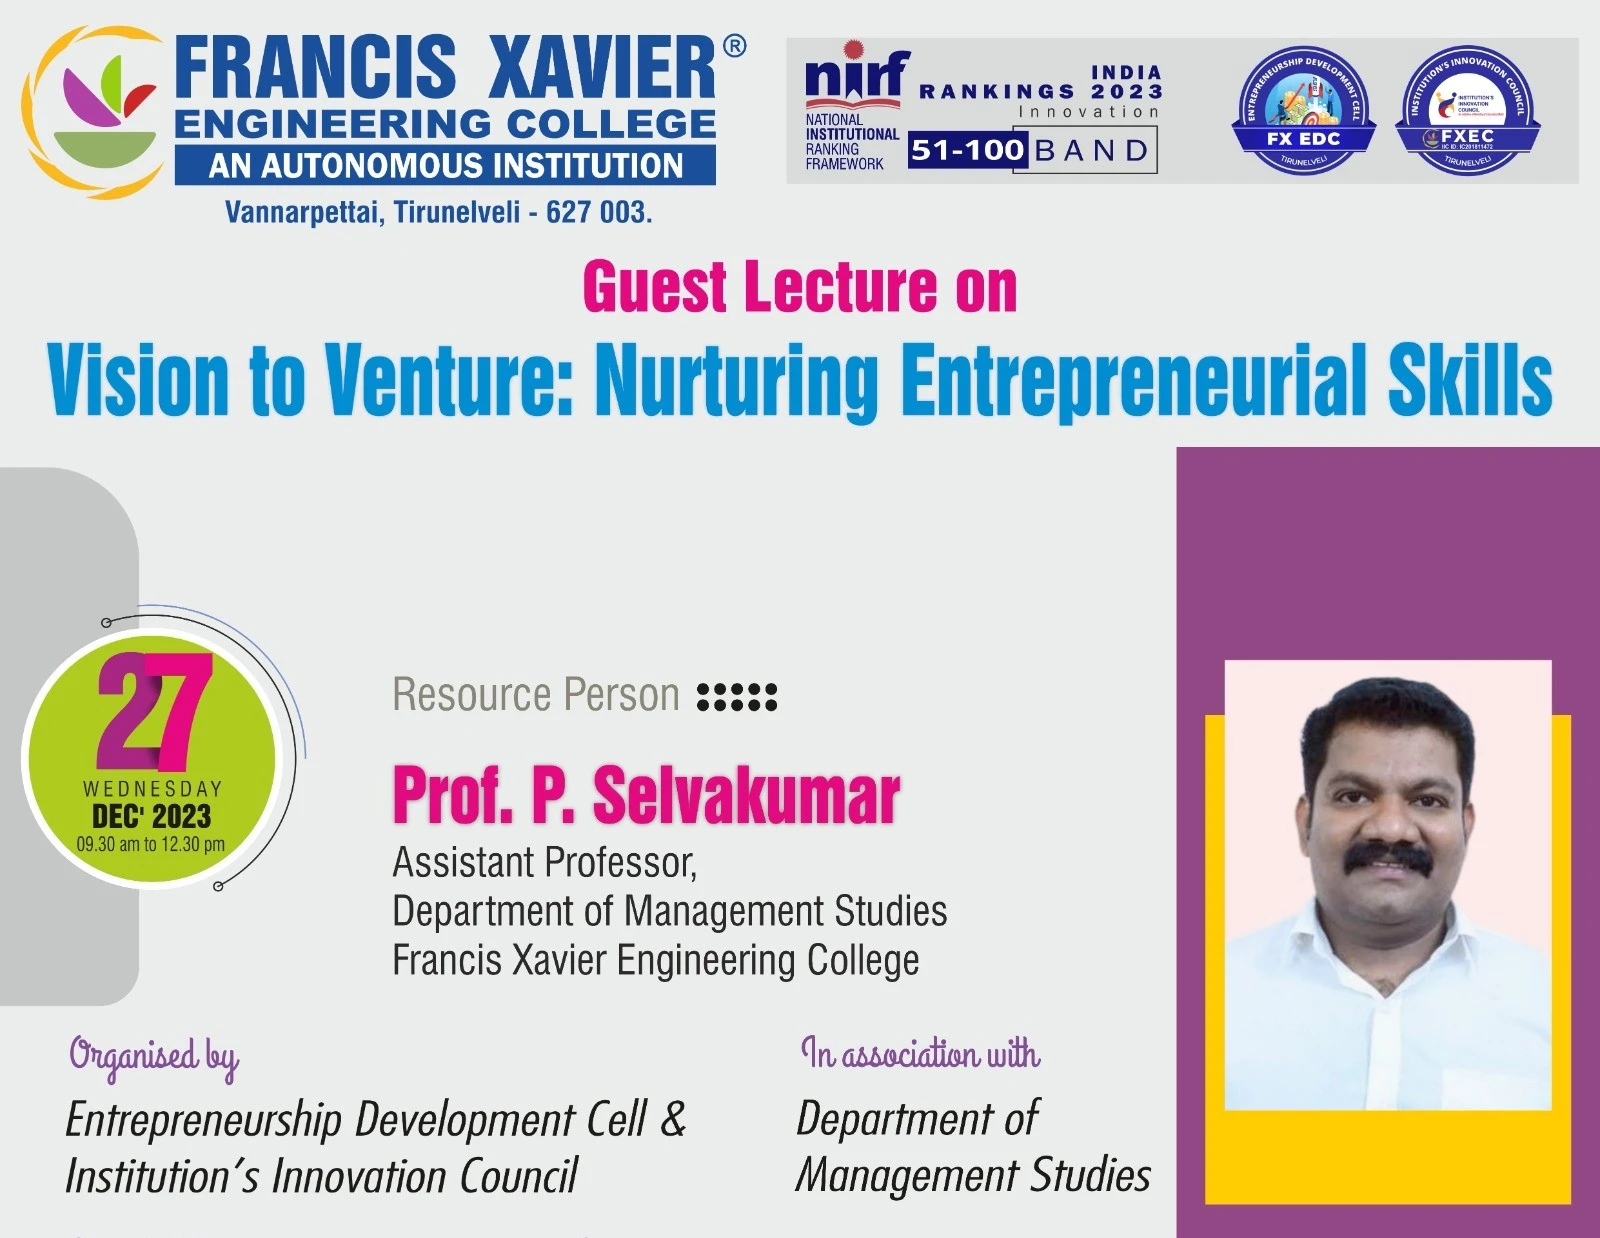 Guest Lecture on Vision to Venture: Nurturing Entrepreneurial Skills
* * *
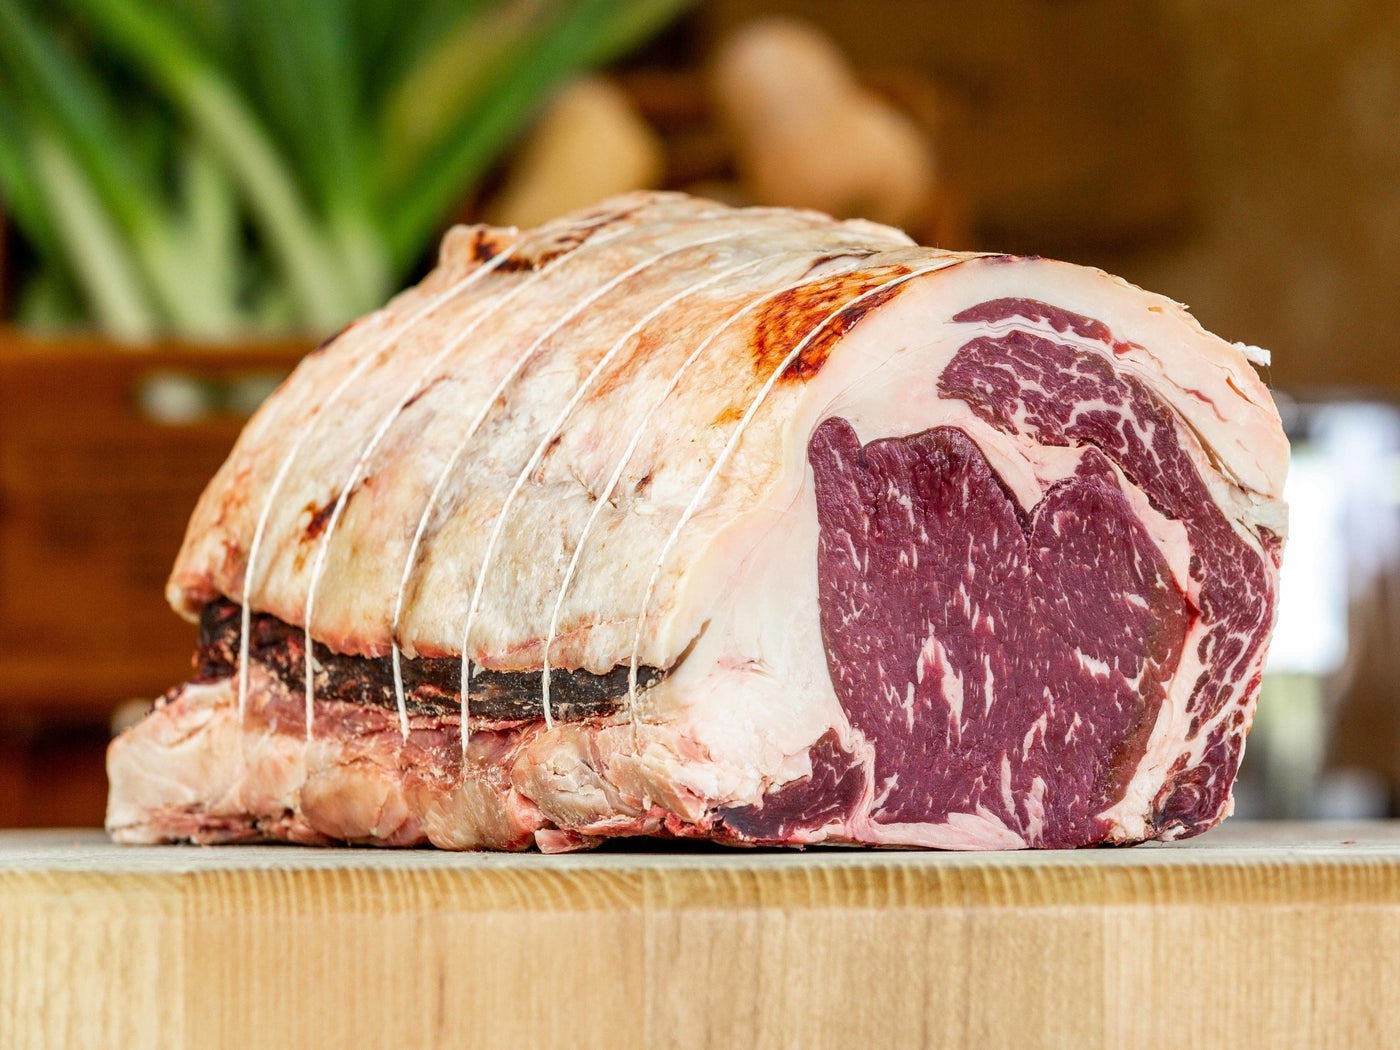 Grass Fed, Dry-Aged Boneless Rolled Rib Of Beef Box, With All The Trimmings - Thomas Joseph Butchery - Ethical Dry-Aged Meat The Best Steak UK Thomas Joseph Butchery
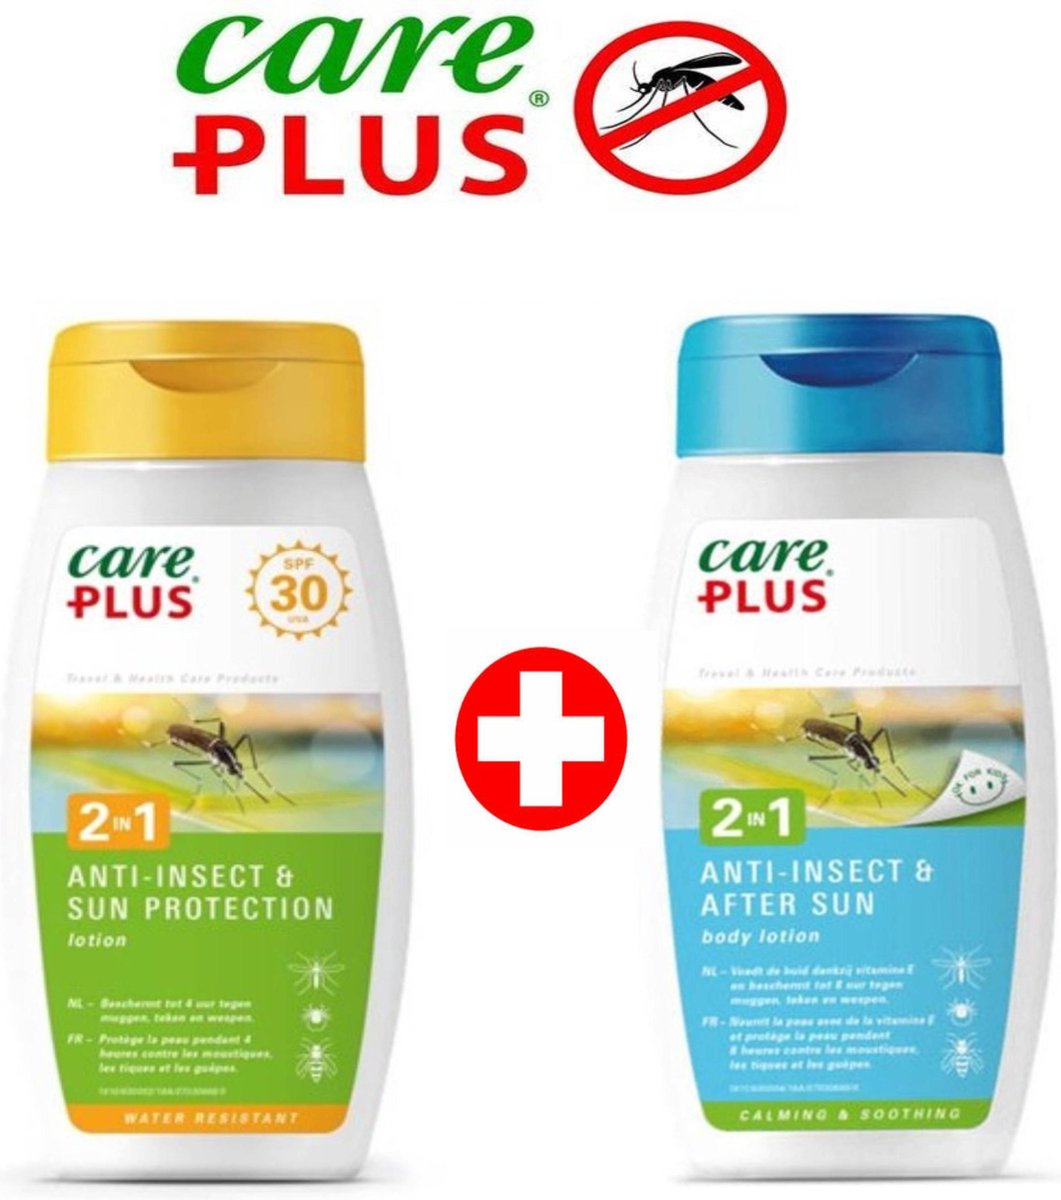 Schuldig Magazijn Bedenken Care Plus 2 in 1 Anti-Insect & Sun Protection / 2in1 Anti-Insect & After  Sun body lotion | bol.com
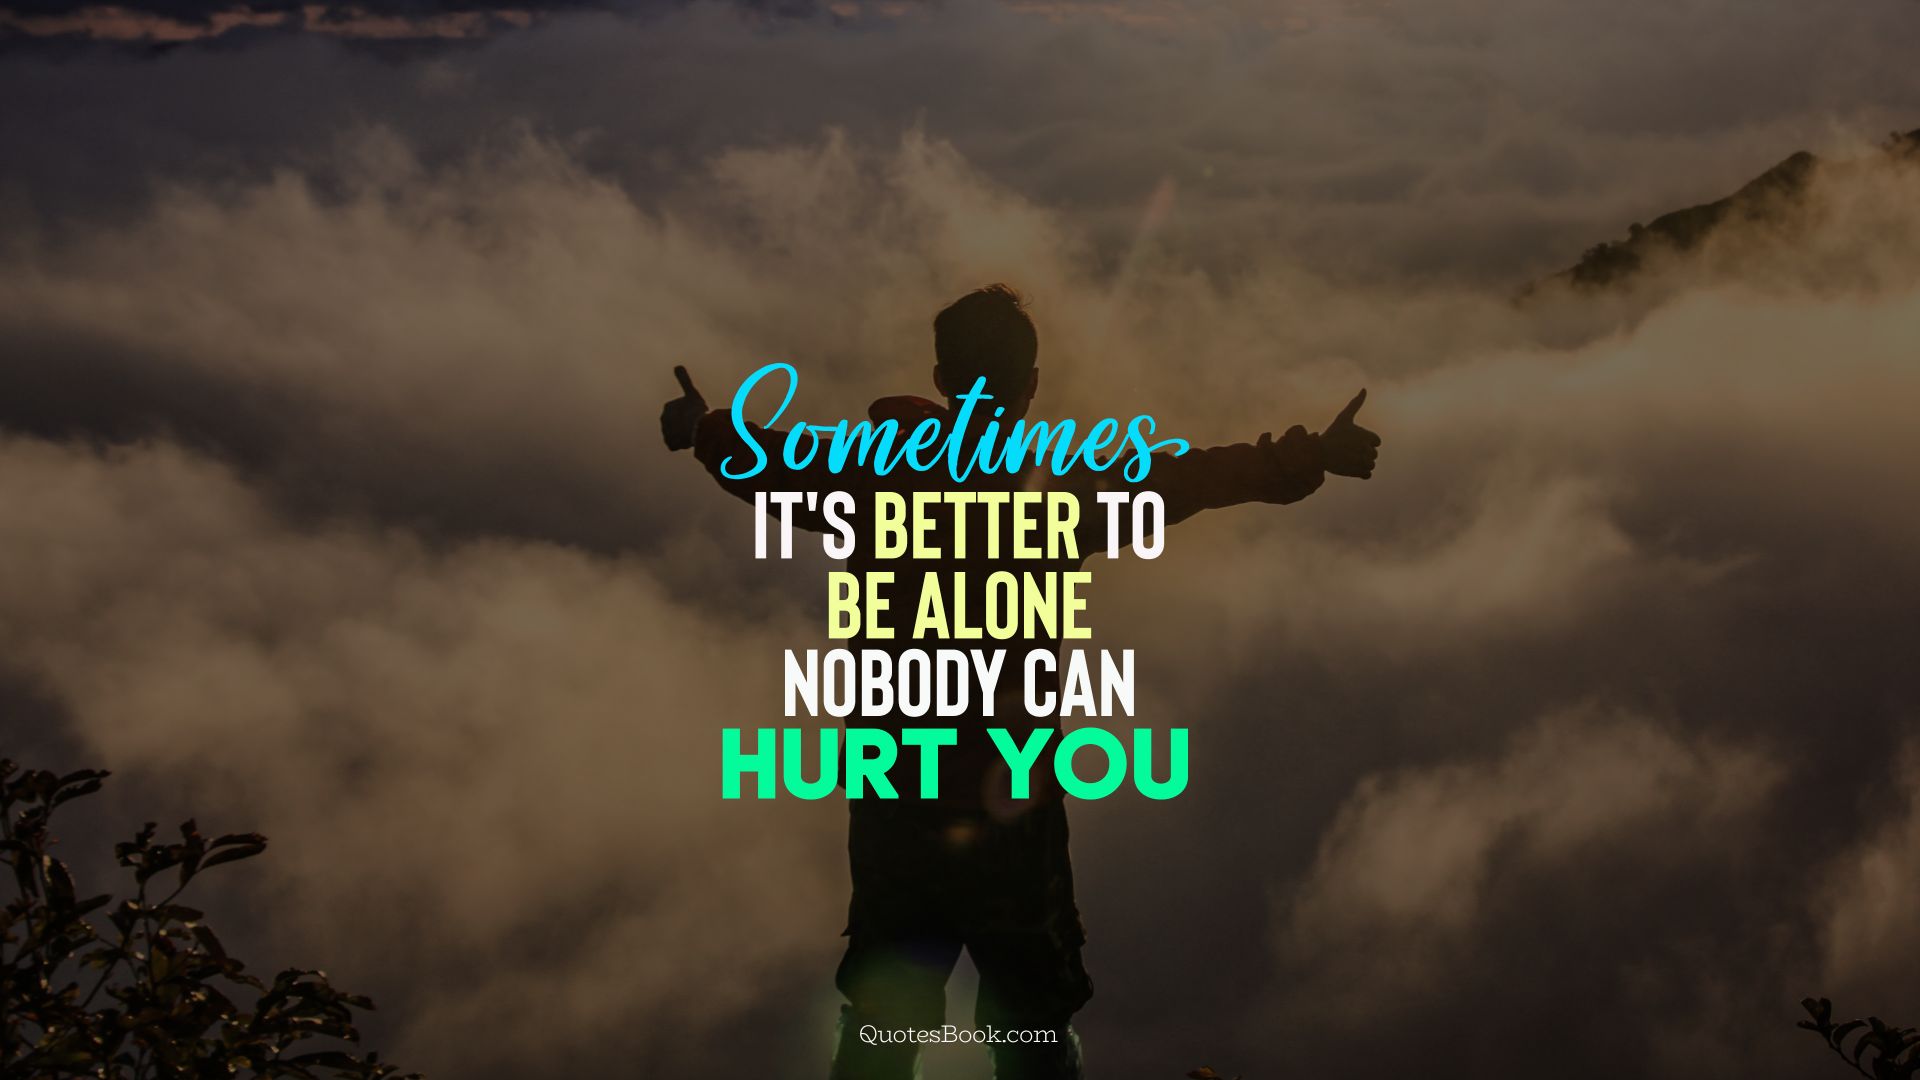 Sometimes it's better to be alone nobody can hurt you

What to do: From the data above, return exactly the lines from the one with "Grass Fed, Dry-Aged" up to and including the one with "Sometimes it's better". Pictures do not go in the copy.

Answer space:
 Grass Fed, Dry-Aged Boneless Rolled Rib Of Beef Box, With All The Trimmings - Thomas Joseph Butchery - Ethical Dry-Aged Meat The Best Steak UK Thomas Joseph Butchery
 Schuldig Magazijn Bedenken Care Plus 2 in 1 Anti-Insect & Sun Protection / 2in1 Anti-Insect & After  Sun body lotion | bol.com
 Sometimes it's better to be alone nobody can hurt you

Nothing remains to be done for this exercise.